Most of the damage was done to Coke’s stock during the past few days. Shares collapsed over 8% on February 14, just after the company posted its most recent earnings. As is sometimes the case with stocks crushed after they report, Coke announced that it had met expectations. However, as it looked forward, its view was well below what Wall Street had expected.

Management characterized earnings as “Strong Results for Fourth Quarter and Full Year 2018.” It was a reasonable position. But Coke was shrinking, management said. “Net revenues declined 6% to $7.1 billion for the quarter and declined 10% to $31.9 billion for the year.”

[nativounit]

For the full year 2019, management forecast:

Approximately 4% growth in organic revenues (non-GAAP)

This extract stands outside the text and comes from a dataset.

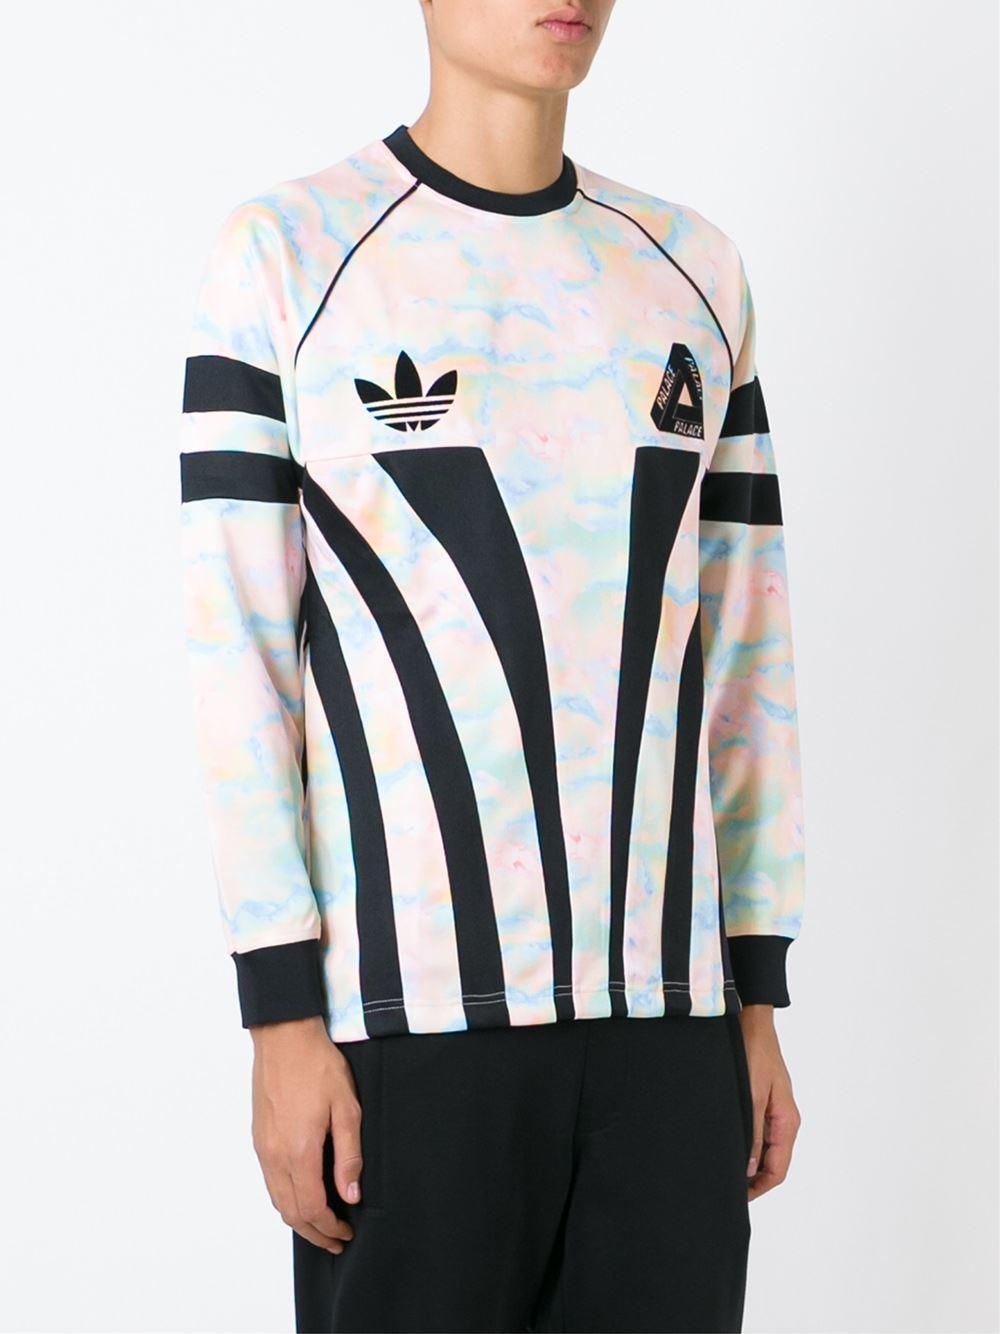 ' X For Lyst Black Originals Palace' Sweatshirt In Men Adidas vw5qERn

12% to 13% growth in comparable currency neutral net revenues (non-GAAP) including an 8% to 9% tailwind from acquisitions, divestitures and structural items

Comparable net revenues (non-GAAP): 3% to 4% currency headwind based on the current rates and including the impact of hedged positions

Barron’s offered a summary of Wall Street’s reaction:

Coca-Cola stock fell hard on Thursday morning as investors soured on the soft-drink giant’s outlook for 2019, erasing the stock’s gains to start the year.

Shares of Coca-Cola were down 6.7% to $46.40 as major U.S. indexes fell, leaving the stock in negative territory in 2019, after the company reported fourth-quarter and full-year financial results Wednesday evening.

Fourth-quarter earnings per share beat Wall Street’s consensus expectations, and revenue came in a bit higher than expected. Yet that wasn’t enough to keep the stock, which had risen some 6% since the end of 2019, moving upward.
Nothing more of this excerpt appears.